▶ [PROBLEM DESCRIPTION]: What you return should be the full listing, copied exactly and stripped of its pictures.
** Opening DATA SEGMENT block **
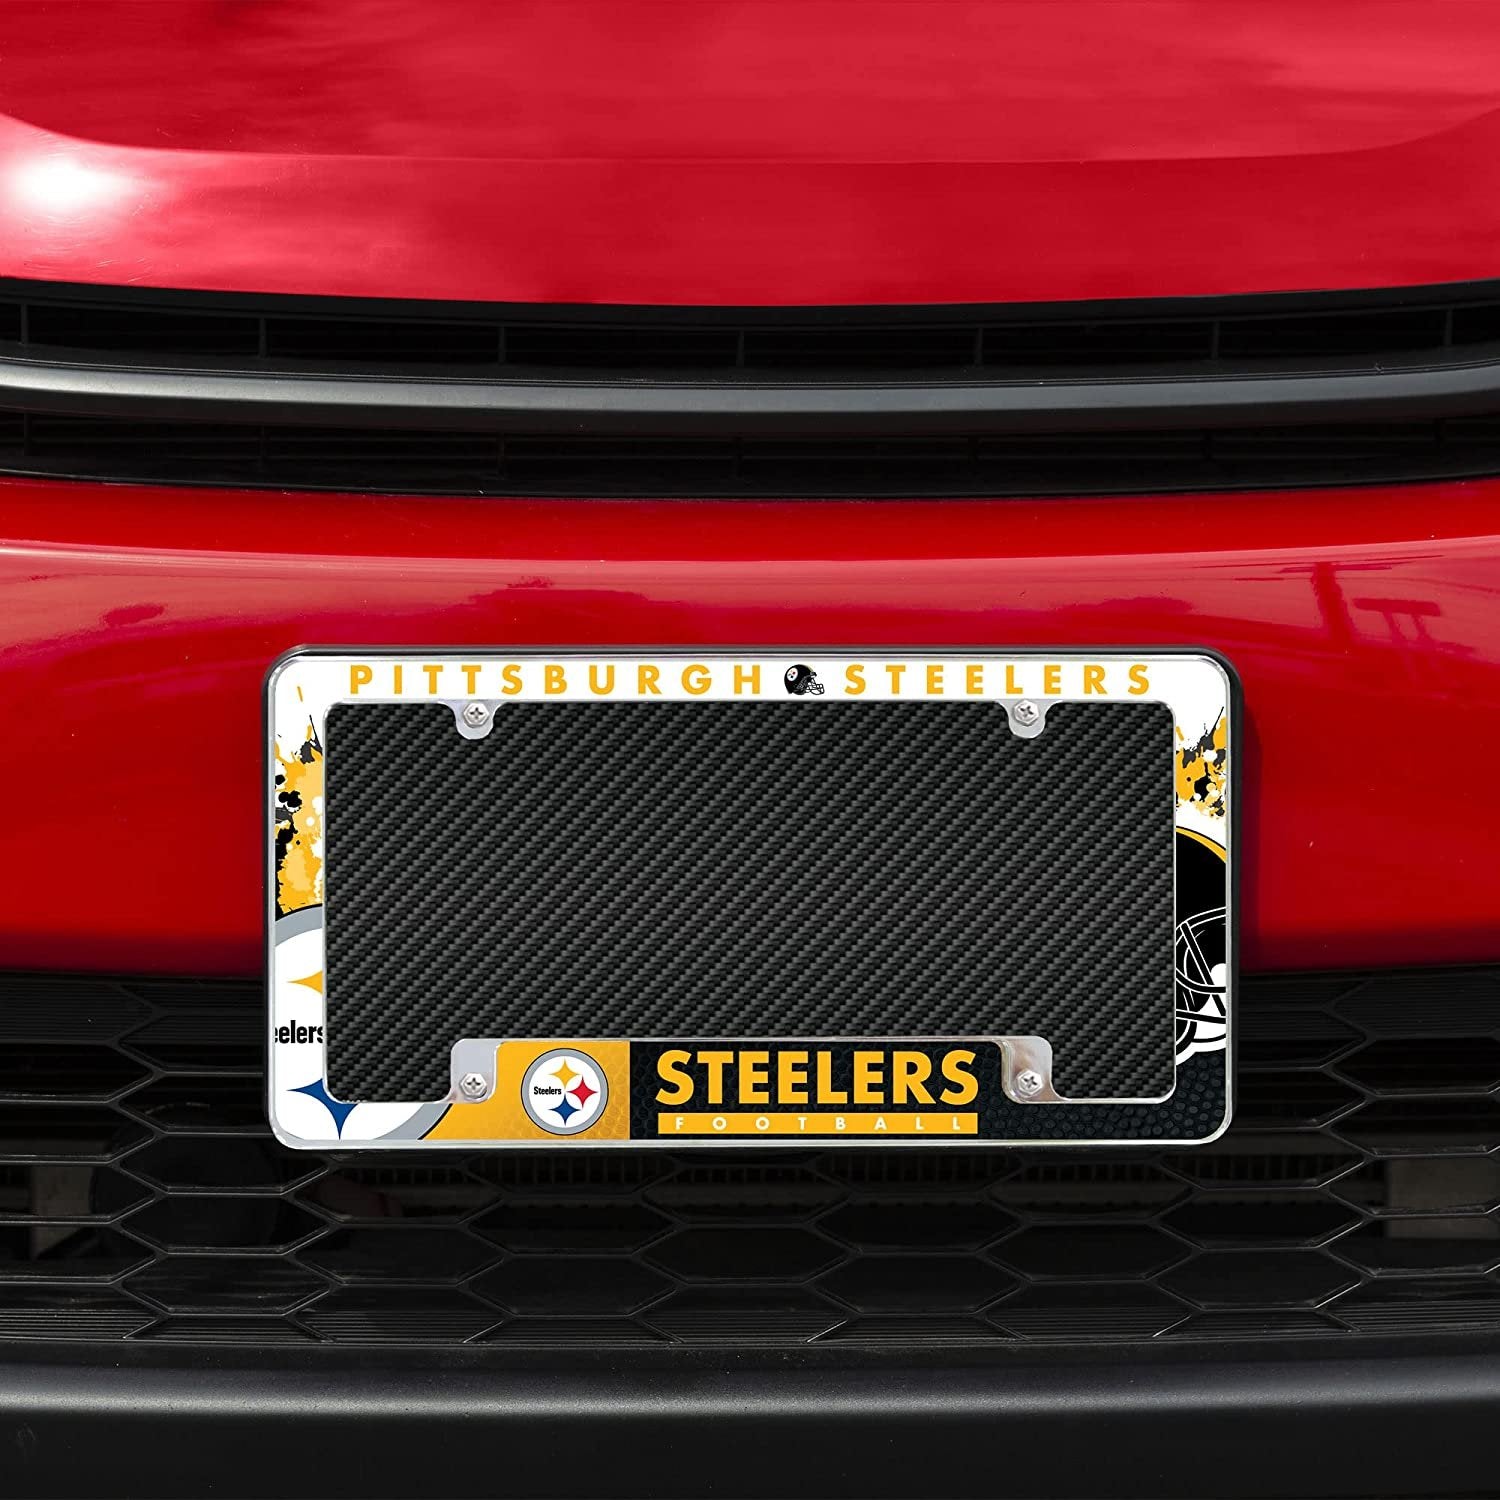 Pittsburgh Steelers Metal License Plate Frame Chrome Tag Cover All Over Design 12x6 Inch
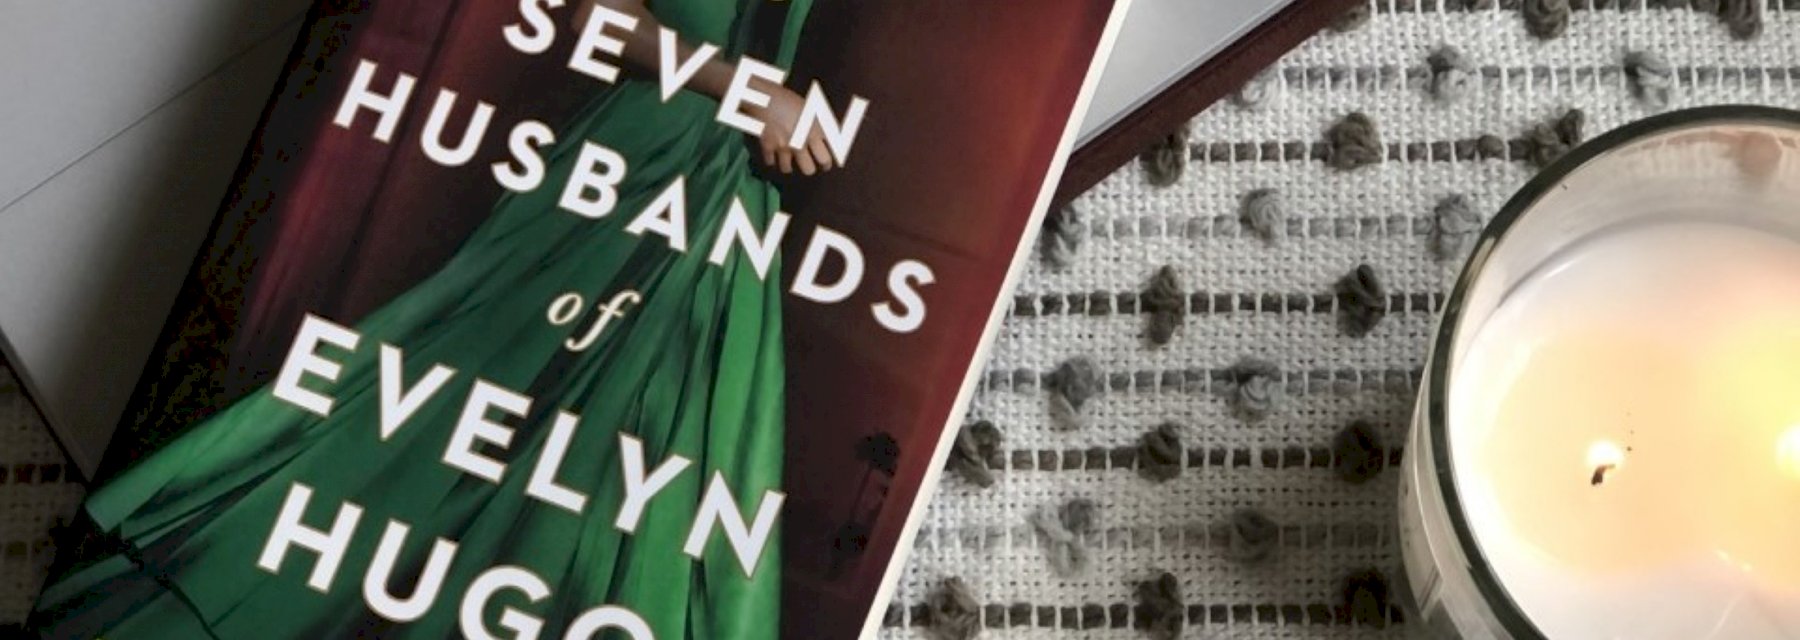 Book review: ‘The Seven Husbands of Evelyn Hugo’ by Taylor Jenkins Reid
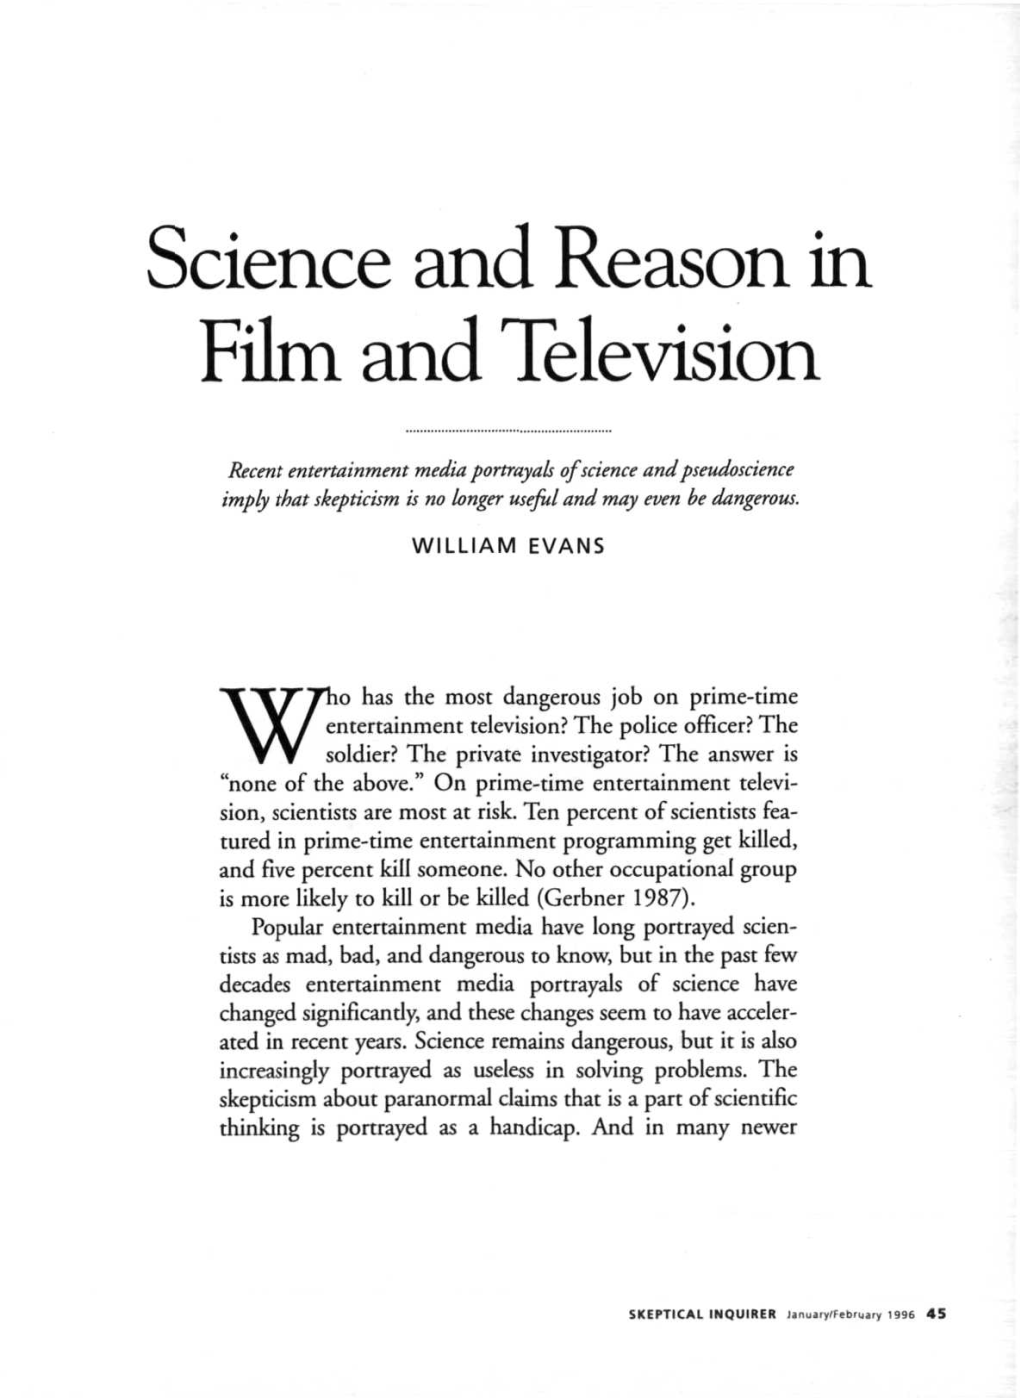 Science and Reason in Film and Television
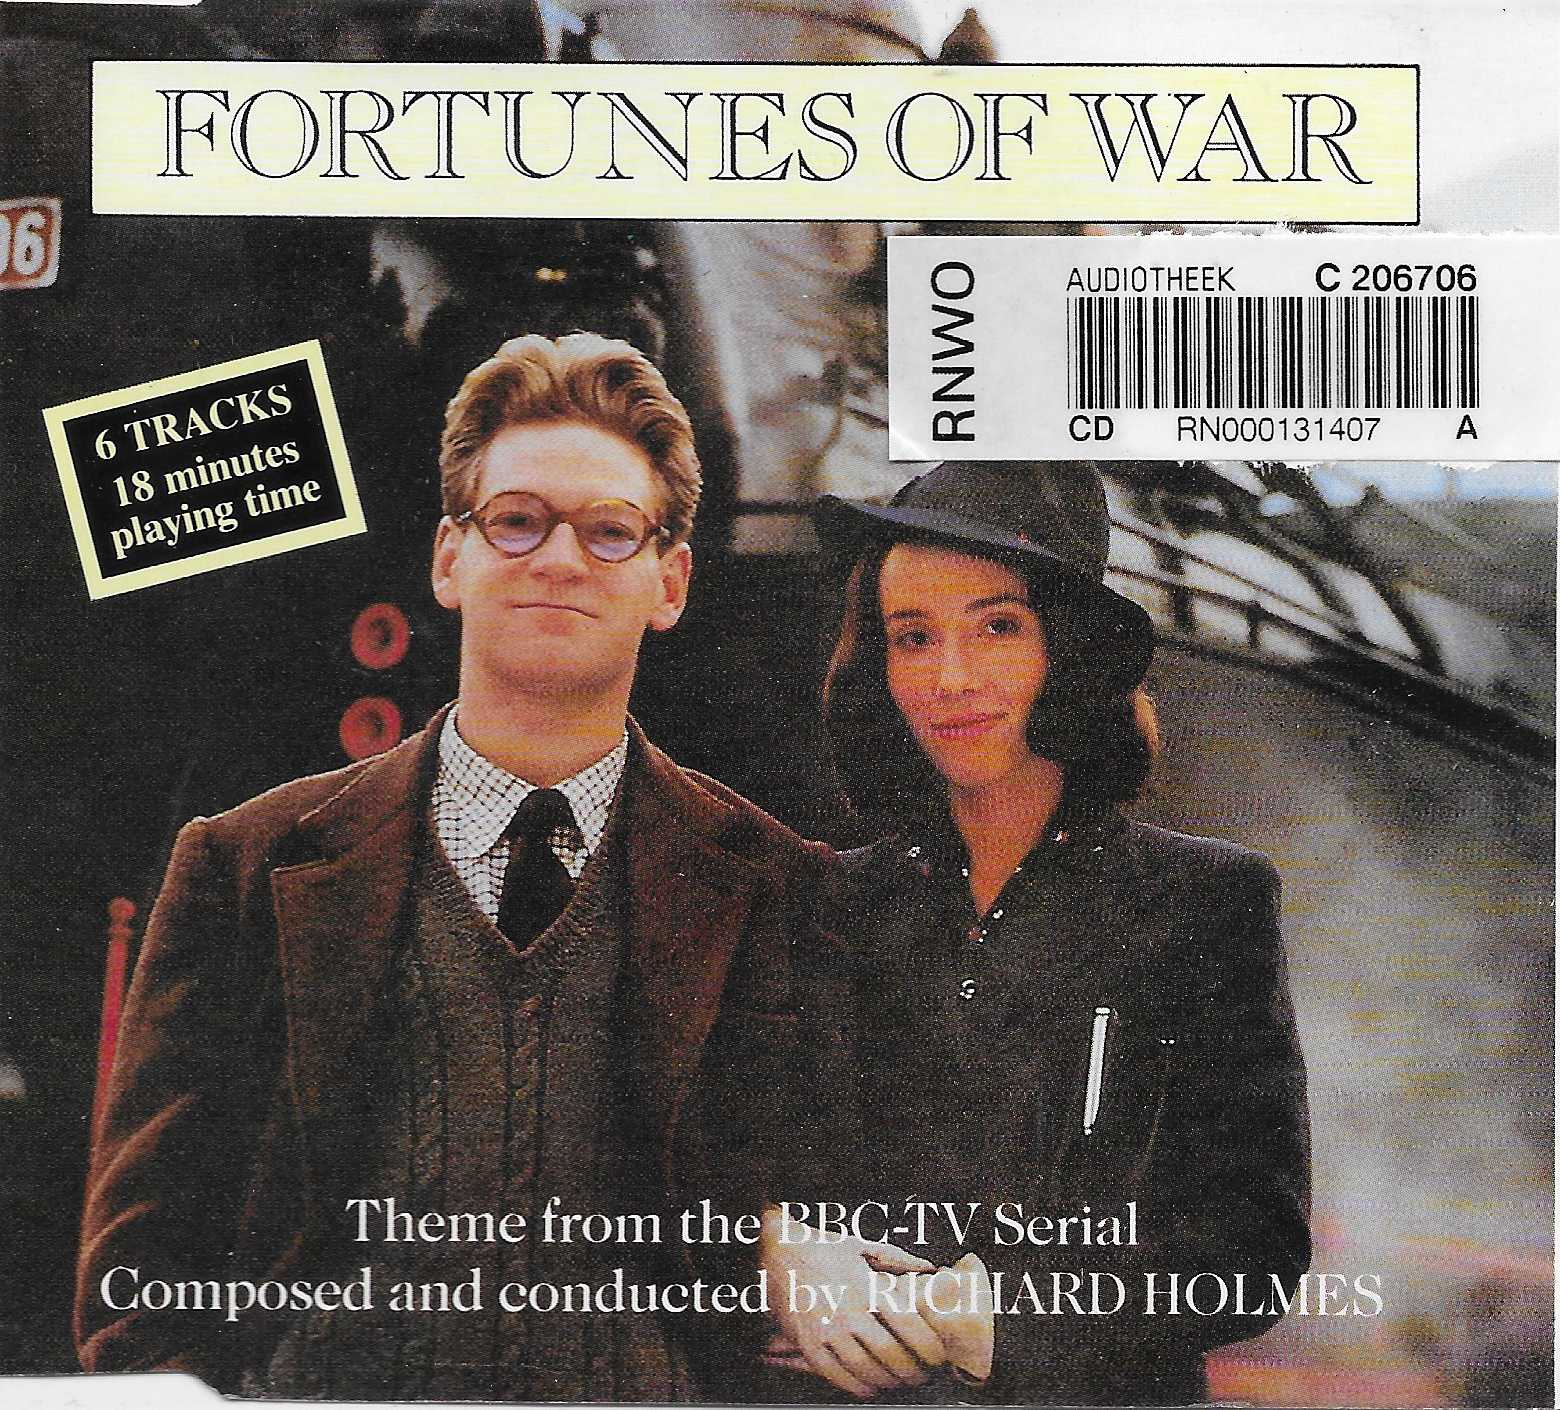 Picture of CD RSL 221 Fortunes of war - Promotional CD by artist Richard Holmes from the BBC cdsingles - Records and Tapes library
** Closing DATA SEGMENT block **
▶ [TASK RESULT]:
 Pittsburgh Steelers Metal License Plate Frame Chrome Tag Cover All Over Design 12x6 Inch
 Book review: ‘The Seven Husbands of Evelyn Hugo’ by Taylor Jenkins Reid
 Science and Reason in Film and Television
 Picture of CD RSL 221 Fortunes of war - Promotional CD by artist Richard Holmes from the BBC cdsingles - Records and Tapes library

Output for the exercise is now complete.